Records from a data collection
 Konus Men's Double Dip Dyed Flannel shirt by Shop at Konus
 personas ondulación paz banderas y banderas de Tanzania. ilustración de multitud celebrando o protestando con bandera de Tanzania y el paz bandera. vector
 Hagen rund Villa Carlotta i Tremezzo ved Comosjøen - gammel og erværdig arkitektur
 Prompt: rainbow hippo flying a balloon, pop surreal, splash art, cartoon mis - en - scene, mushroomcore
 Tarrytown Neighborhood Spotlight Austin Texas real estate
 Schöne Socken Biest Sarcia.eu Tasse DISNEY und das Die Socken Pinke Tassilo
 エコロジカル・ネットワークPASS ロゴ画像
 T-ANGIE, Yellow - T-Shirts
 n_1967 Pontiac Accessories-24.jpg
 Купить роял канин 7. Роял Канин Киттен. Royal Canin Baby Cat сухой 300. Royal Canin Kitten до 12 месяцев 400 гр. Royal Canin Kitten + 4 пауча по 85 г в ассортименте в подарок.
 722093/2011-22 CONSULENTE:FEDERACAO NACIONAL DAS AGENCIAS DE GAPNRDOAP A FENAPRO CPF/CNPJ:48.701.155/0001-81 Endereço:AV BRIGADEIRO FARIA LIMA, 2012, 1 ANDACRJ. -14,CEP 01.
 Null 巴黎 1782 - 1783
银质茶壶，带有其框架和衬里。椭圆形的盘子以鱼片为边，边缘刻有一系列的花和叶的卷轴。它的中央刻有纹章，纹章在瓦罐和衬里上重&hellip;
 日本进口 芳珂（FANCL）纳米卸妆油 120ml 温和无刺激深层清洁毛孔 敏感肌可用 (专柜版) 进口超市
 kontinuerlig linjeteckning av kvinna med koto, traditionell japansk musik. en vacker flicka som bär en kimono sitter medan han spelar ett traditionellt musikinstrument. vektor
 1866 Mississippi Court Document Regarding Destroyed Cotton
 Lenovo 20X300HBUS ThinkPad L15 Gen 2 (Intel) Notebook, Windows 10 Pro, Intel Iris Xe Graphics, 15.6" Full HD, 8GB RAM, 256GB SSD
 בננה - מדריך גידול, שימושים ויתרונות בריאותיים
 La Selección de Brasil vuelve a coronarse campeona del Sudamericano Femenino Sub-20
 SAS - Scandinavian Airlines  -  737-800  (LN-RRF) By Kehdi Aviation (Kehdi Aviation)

• The problem: Using the records above, please retype only the run of lines from the line holding "La Selección de" through the last line, both ends included.

• Exercise answer:
 La Selección de Brasil vuelve a coronarse campeona del Sudamericano Femenino Sub-20
 SAS - Scandinavian Airlines  -  737-800  (LN-RRF) By Kehdi Aviation (Kehdi Aviation)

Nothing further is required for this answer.